Sure you do. By moving the peg to the 55% hole you are forcing that peg to touch the cable a little sooner than in the 65% hole. This makes the top cam lag slightly behind in getting to the stop. Depending on DL and DW you can either add a half to full twist in the BC or take the same out of the CC. :thumbs_up


----------



## leintz (Apr 24, 2003)

thanks guys, I'm more educated now....:smile:


----------



## leintz (Apr 24, 2003)

*new graph*

the green one...

floating support...free to roll..


any comments...


----------



## reylamb (Feb 5, 2003)

I am not sure on what to comment on? Hoyt has built downward nock travel on all of their cam systems, and have been for quite some time.
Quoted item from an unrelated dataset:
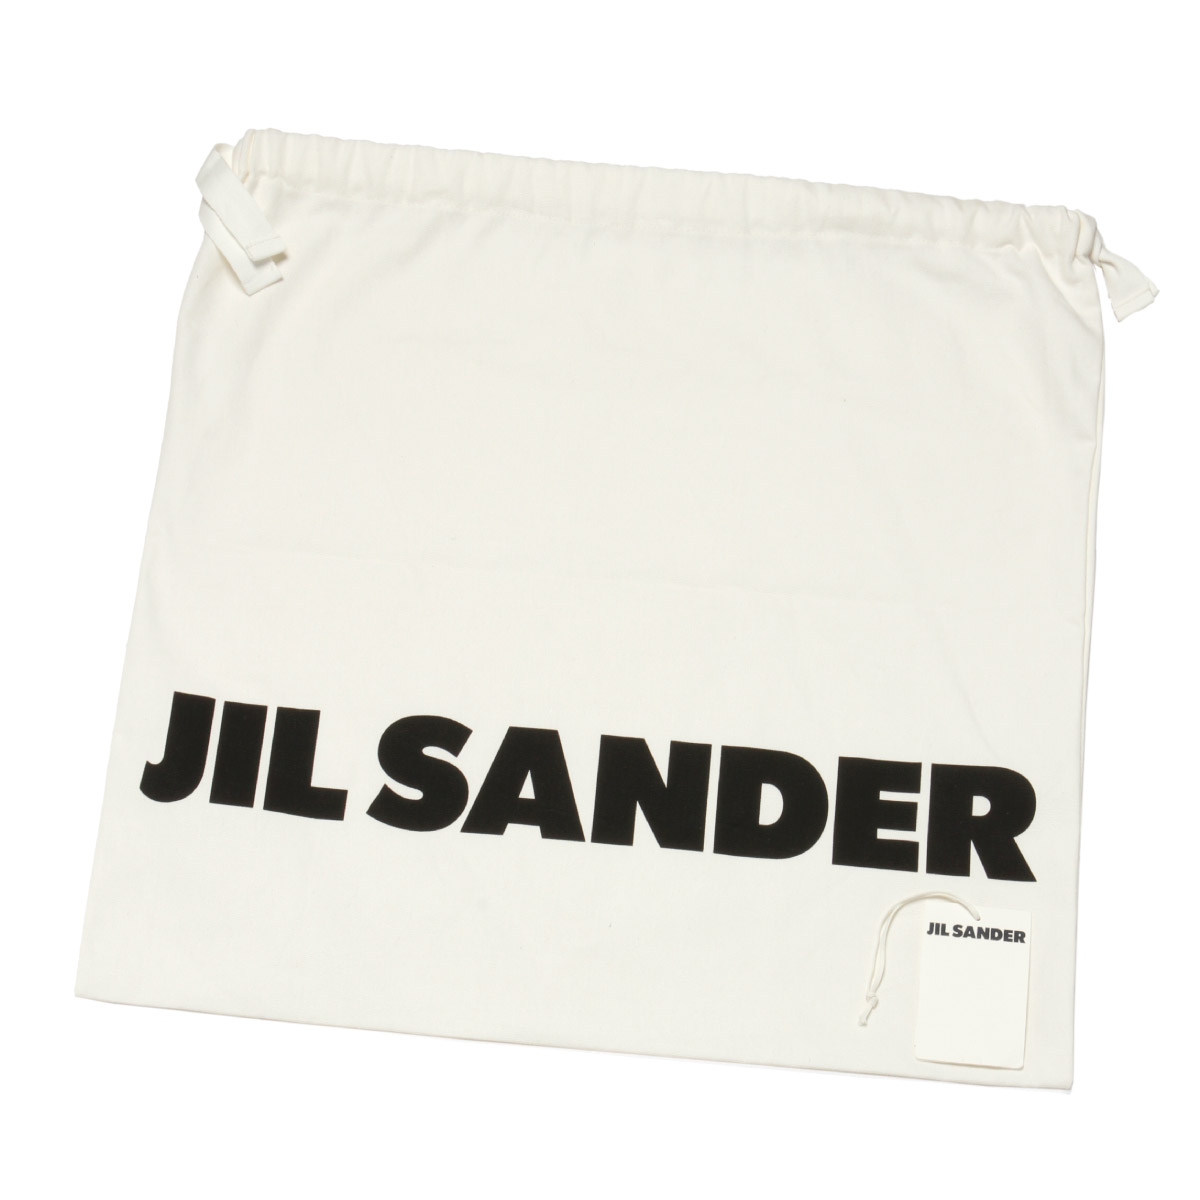 JIL SANDER ジル サンダー | トートバッグ

It is a design philosophy from Hoyt that downward nock travel will give more consistant results. There is not much you can do to change it, if anything at all. You could try playing with the rotation of the top cam to get a closer to level nock travel, but I doubt you will ever achieve it.

Personally, I believe you are overthinking this quite a bit. Level nock travel is quite overrated. Look at the results in the pro class in the NFAA and FITA events world wide. The bows flat out shoot.

I will say that your mapped DFC looks differrent than any curve I have ever seen or mapped with spirals. Every spiral cam I have ever mapped a DFC for the DFC stays flat at the top, not slowly dropping down. I am not sure what is going on there.


----------



## leintz (Apr 24, 2003)

*jep*

I'm agree...I don't waste my time any more..

thanks guys!


----------